Nebraska’s legislature may not have been able to pass a Constitutional Carry bill this session, but Gov. Pete Ricketts says he’s confident that the state will eventually approve the measure. In a new op-ed, the Republican governor called out the nine Democrats in the state’s unicameral legislature who were able to filibuster the bill earlier this year, while laying the ground for another attempt next year.
Ricketts pointed out that half of the country has now adopted Constitutional Carry language, and argues that the criticism of the law just doesn’t stand up to scrutiny.
For example, concealed carry laws don’t decrease safety. The U.S. News and World Report has published public safety rankings for each state based on the FBI’s latest available data. The top three states for public safety are Maine, New Hampshire, and Idaho. All three are constitutional carry states.
Furthermore, constitutional carry legislation doesn’t mean abandoning common sense restrictions that prevent dangerous criminals from carrying guns. The legislation only seeks to eliminate regulations that require a law-abiding citizen to carry a permit while carrying their concealed firearm.
All that is true, but I do wish that Ricketts had brought up one of the biggest hurdles for Constitutional Carry in Nebraska: the handgun registration ordinance in Omaha. Sen. Tom Brewer, who sponsored the Constitutional Carry bill in Nebraska this year, originally included language in his bill that would have in essence voided that local ordinance, but ultimately (and unsuccessfully) tried to weaken that original language by providing a carveout for the city in the hopes of the police dropping their objections, which might have wooed a couple of Democrats to sign on.
That amendment died on a 13-29 vote, which means that almost every senator who voted for Constitutional Carry voted against it, and for good reason in my opinion. Constitutional Carry shouldn’t come with an asterisk, and that would most definitely be the case if residents of the state’s biggest city were still required to obtain a government permission slip to keep and bear arms. As Ricketts himself says in his op-ed:
At the end of the day, constitutional carry is about rights. A citizen authorized by law to possess a firearm shouldn’t have to pay a fee and ask permission from the government to exercise their Second Amendment rights.

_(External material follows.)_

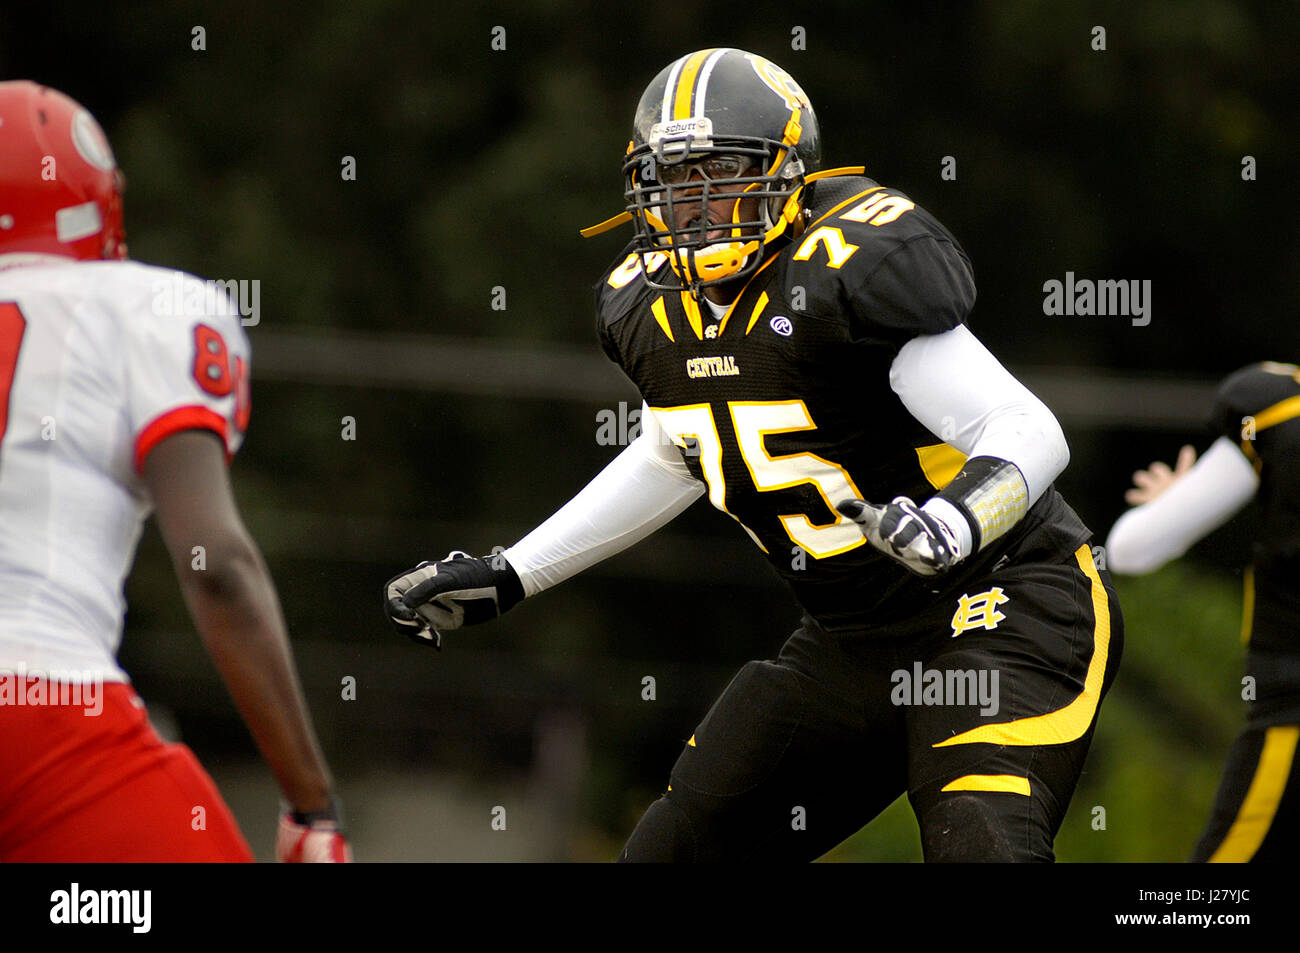 National Football League offensive line prospect Roderick Johnson (75) competes as a high school player for Hazelwood Central High School. Stock Photo

That’s true whether you live in Omaha or Ogallala, so I find it difficult to believe that a Constitutional Carry bill that has a carve out of any sort for one or two population centers is ever going to get the support of a majority of Nebraska lawmakers. Gov. Ricketts is right to call out the Democrats in the Senate who stymied the passage of Constitutional Carry, but voting them out (or at least enough of them to override a filibuster) is likely what’s really needed if Nebraska is going to join the growing ranks of the Constitutional Carry states in the near future. As Ricketts acknowledges in his new column, Constitutional Carry won’t become law in Nebraska without the “determined activism” of Second Amendment advocates, but the next elections for the state legislature won’t happen until 2024. Gun owners can and should try to persuade their senators to get on board with the legislation in the coming months, but it may take unseating a couple of incumbents to get a strong bill to the governor’s desk.